The ‘cutting into the flesh’ you mention is the pain of the past being transformed from emotion to love. I must be able to bear the pain without flinching. This is the justice or integrity of life which requires me to face all that I’ve been as unconscious living in the past. And this can only be done effectively without self-judgement – for what have I done that hasn’t been repeated billions of times by the human race?

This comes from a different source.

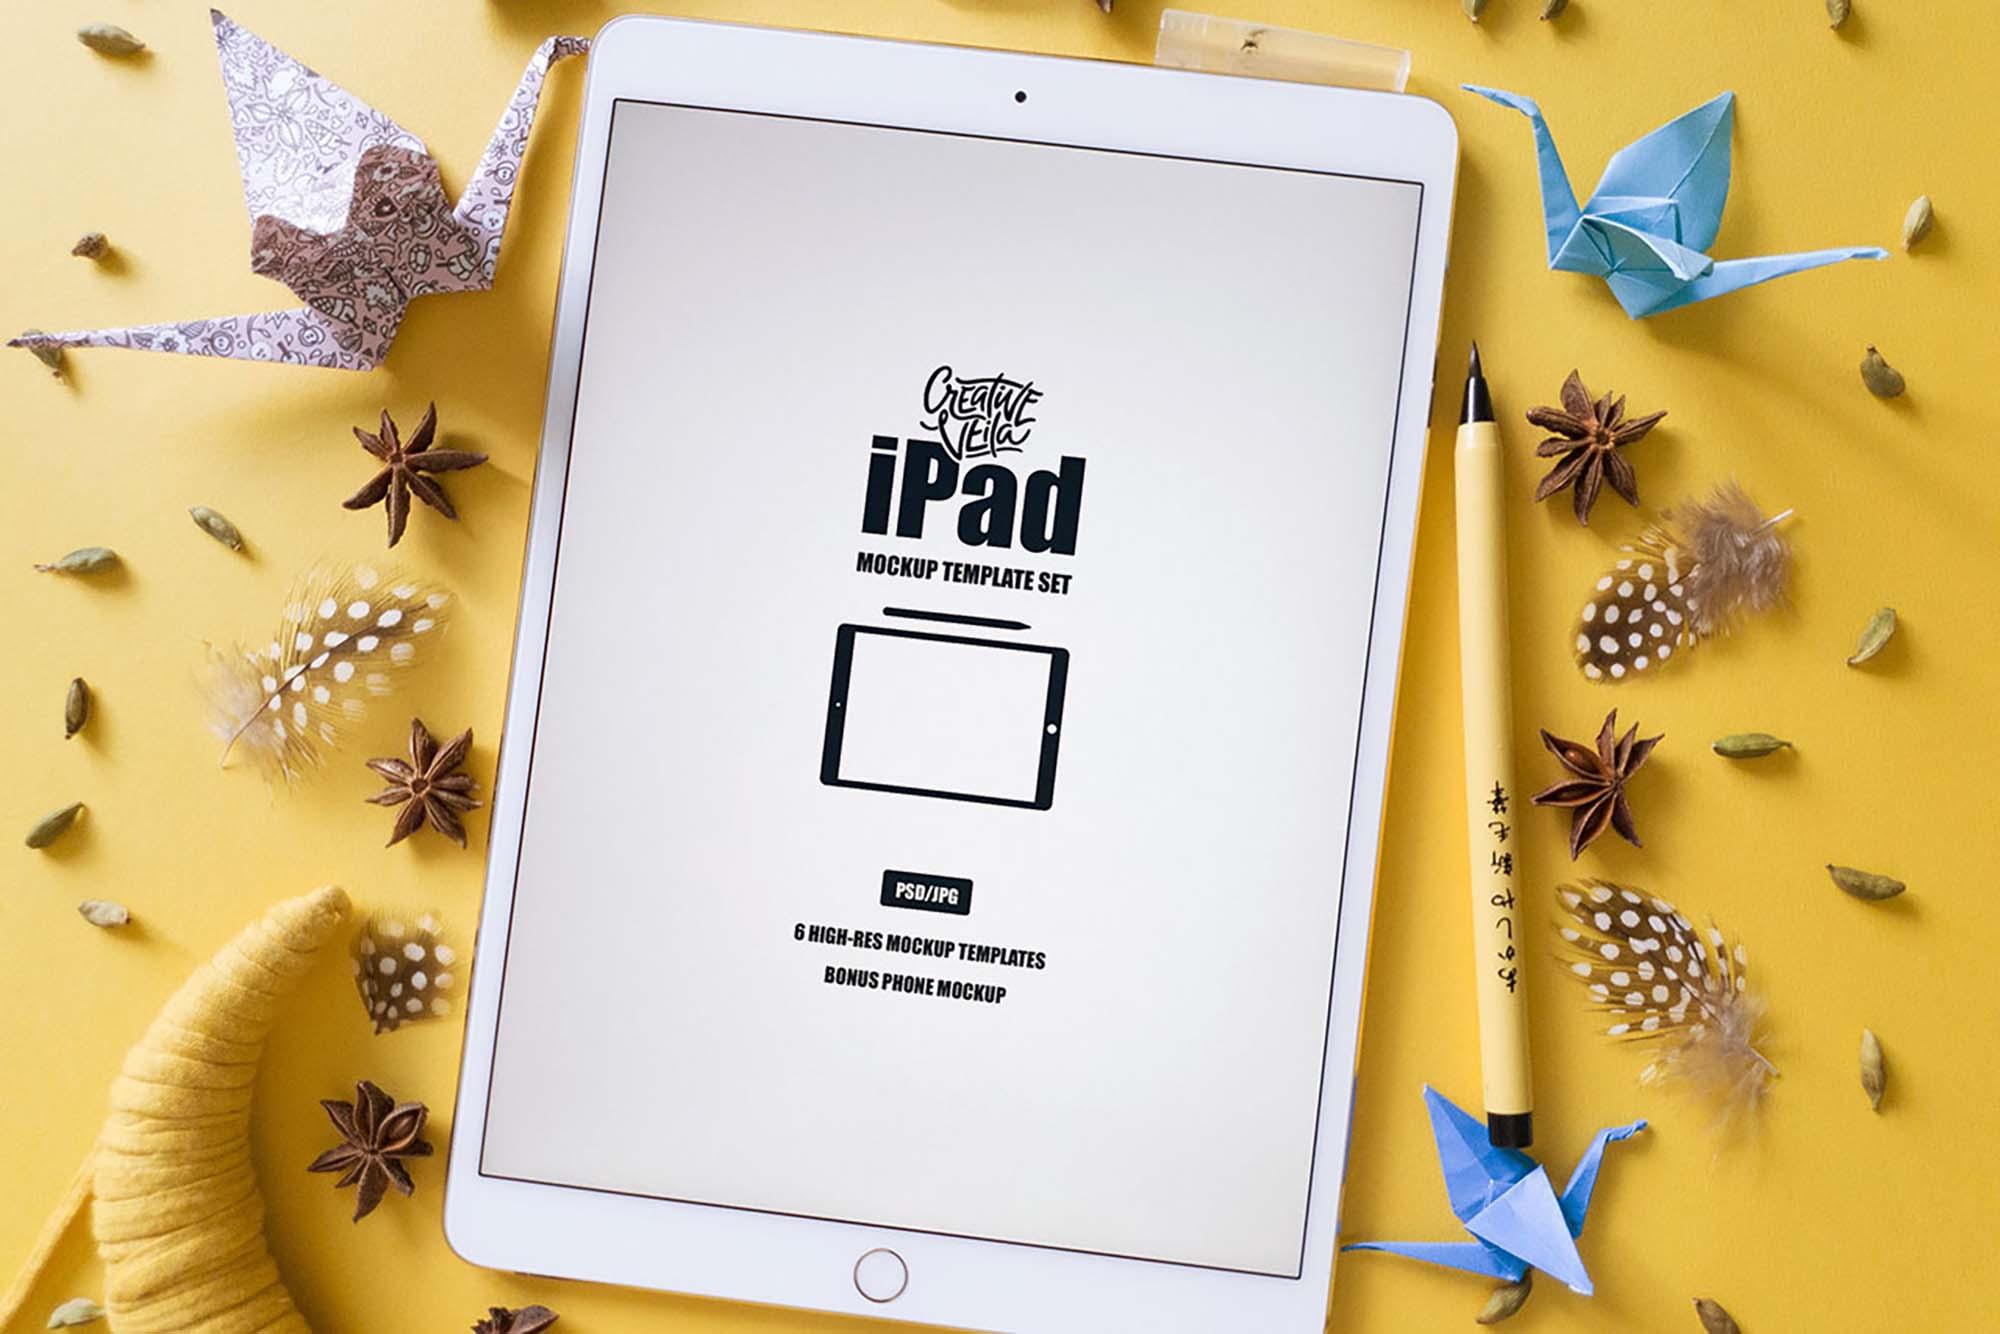 iPad Mockup Template 3

It seems to me, Richard, that you’ve truly realised the idea behind the words. The next phase of the life is beckoning but can only come at the behest of your own authentic being and the power of consciousness. Your recent accident was symbolic of the change which shattered some areas of resistant past that were previously inaccessible. The resulting fragments released from the matter can externalise as confusion and a feeling that you may be going backwards over old ground. This is a trick of the self struggling to reclaim it lost territory. But it’s to stand firm and resolute in your undertaking to be the master of your kingdom. Unbeknown to the self, these old fragments are now more able to be transformed back to the original state of love.
The still centre never varies and is unwavering as the spiritual being behind the form. However, any anticipation or trying will delay the right solution and circumstances to instigate the new. Everything unfolds in its right sequence. In the meantime, it’s sufficient to do as you do but with the increasing clarity and self-knowledge that will reveal whatever needs to be done to take you deeper into the mystery of life.